Aligning strategies for using EEG as a surrogate biomarker: a review of preclinical and clinical research.

机构信息

Synaptic Transmission, Lundbeck Research USA, Inc., 215 College Road, Paramus, NJ 07652, United States.

出版信息

Biochem Pharmacol. 2011 Jun 15;81(12):1408-21. doi: 10.1016/j.bcp.2010.10.002. Epub 2010 Oct 19.

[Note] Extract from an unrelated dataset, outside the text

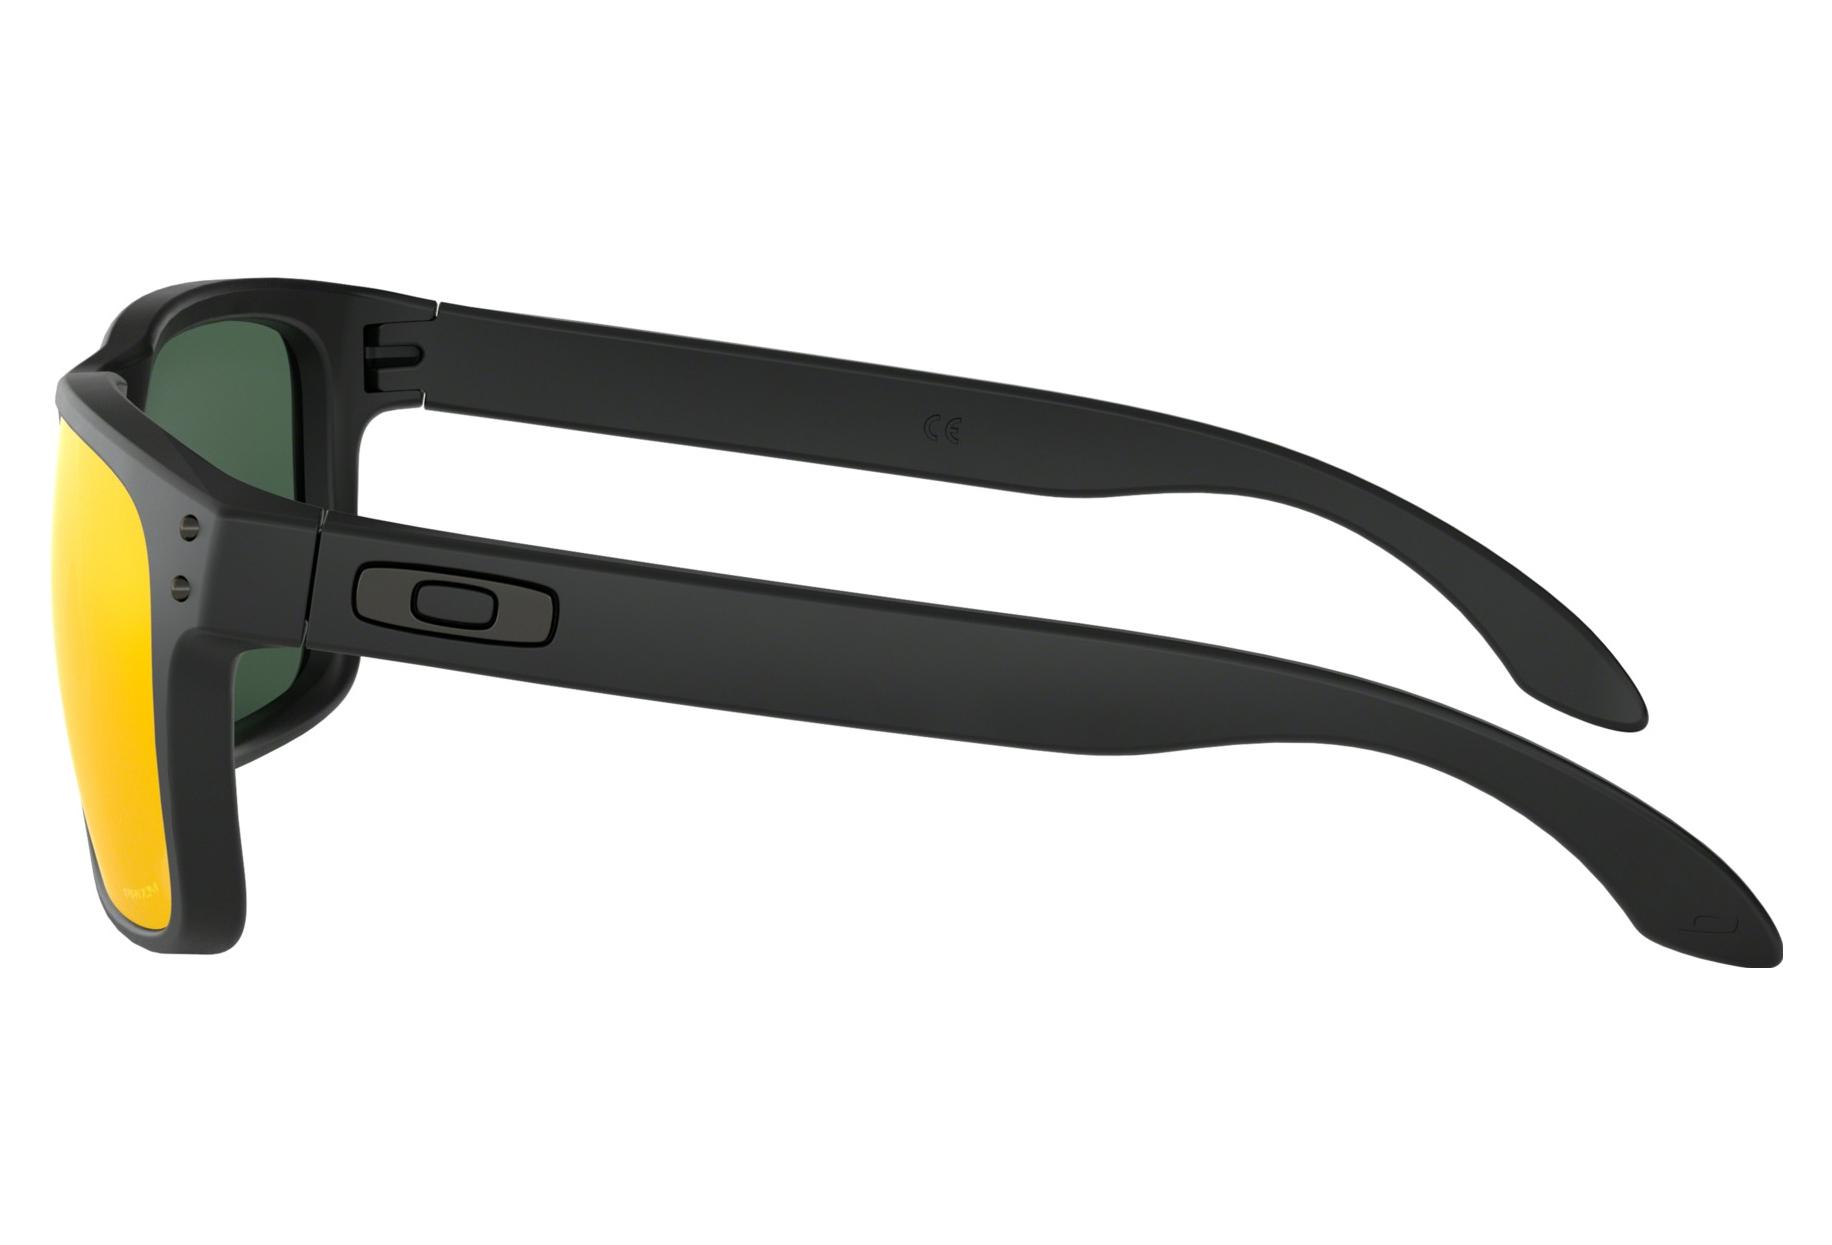 Matte Black E2 Holbrook Ruby RefOo9102 De Oakley Lunettes Paire Prizm vnmwN08O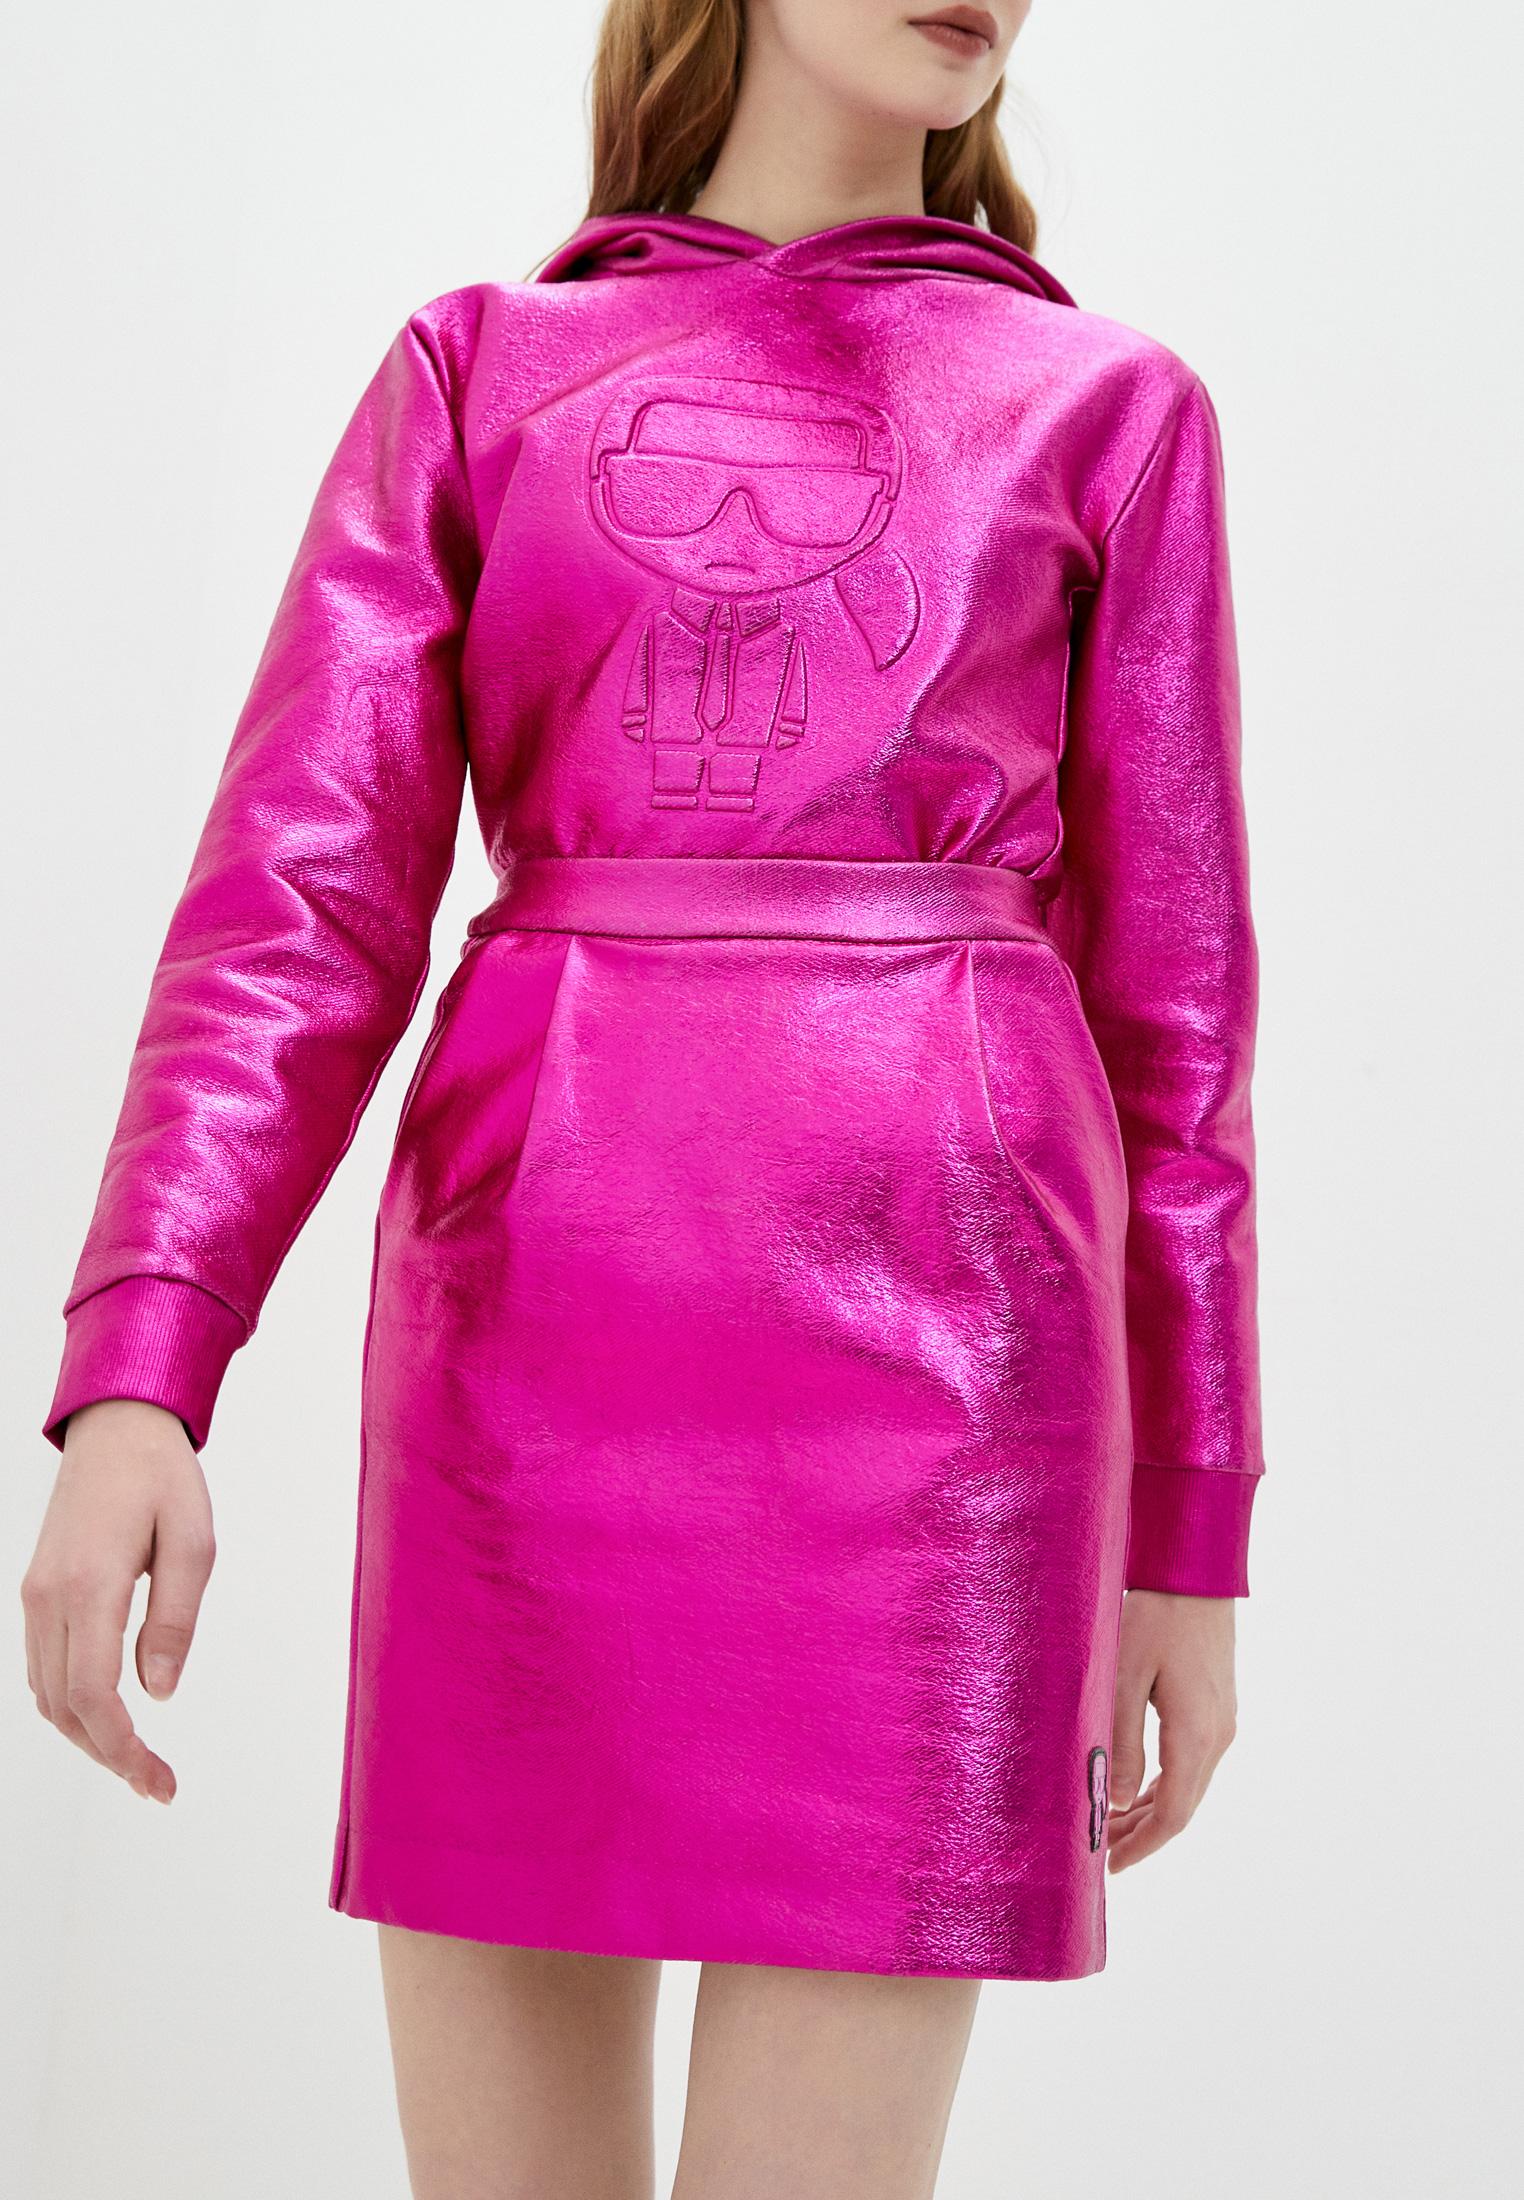 Прямая юбка Karl Lagerfeld Юбка Karl Lagerfeld

DOI:10.1016/j.bcp.2010.10.002
PMID:20937262
Abstract

Electroencephalography (EEG) and related methodologies offer the promise of predicting the likelihood that novel therapies and compounds will exhibit clinical efficacy early in preclinical development. These analyses, including quantitative EEG (e.g. brain mapping) and evoked/event-related potentials (EP/ERP), can provide a physiological endpoint that may be used to facilitate drug discovery, optimize lead or candidate compound selection, as well as afford patient stratification and Go/No-Go decisions in clinical trials. Currently, the degree to which these different methodologies hold promise for translatability between preclinical models and the clinic have not been well summarized. To address this need, we review well-established and emerging EEG analytic approaches that are currently being integrated into drug discovery programs throughout preclinical development and clinical research. Furthermore, we present the use of EEG in the drug development process in the context of a number of major central nervous system disorders including Alzheimer's disease, schizophrenia, depression, attention deficit hyperactivity disorder, and pain. Lastly, we discuss the requirements necessary to consider EEG technologies as a biomarker. Many of these analyses show considerable translatability between species and are used to predict clinical efficacy from preclinical data. Nonetheless, the next challenge faced is the selection and validation of EEG endpoints that provide a set of robust and translatable biomarkers bridging preclinical and clinical programs.

摘要

脑电图(EEG)和相关方法有望预测新疗法和化合物在临床前开发早期是否具有临床疗效。这些分析,包括定量脑电图(如脑映射)和诱发/事件相关电位(EP/ERP),可以提供一个生理终点,可用于促进药物发现、优化先导化合物或候选化合物的选择,并在临床试验中进行患者分层和是否继续的决策。目前,这些不同方法在临床前模型和临床之间的转化潜力程度尚未得到很好的总结。为了解决这一需求,我们回顾了目前正在整个临床前开发和临床研究中纳入药物发现计划的成熟和新兴的 EEG 分析方法。此外,我们还介绍了 EEG 在包括阿尔茨海默病、精神分裂症、抑郁症、注意缺陷多动障碍和疼痛在内的一些主要中枢神经系统疾病的药物开发过程中的应用。最后,我们讨论了将 EEG 技术作为生物标志物考虑的必要条件。这些分析中有许多在物种间具有相当的可转移性,并用于从临床前数据预测临床疗效。然而,下一个面临的挑战是选择和验证 EEG 终点,这些终点提供了一组稳健且可转化的生物标志物,将临床前和临床计划联系起来。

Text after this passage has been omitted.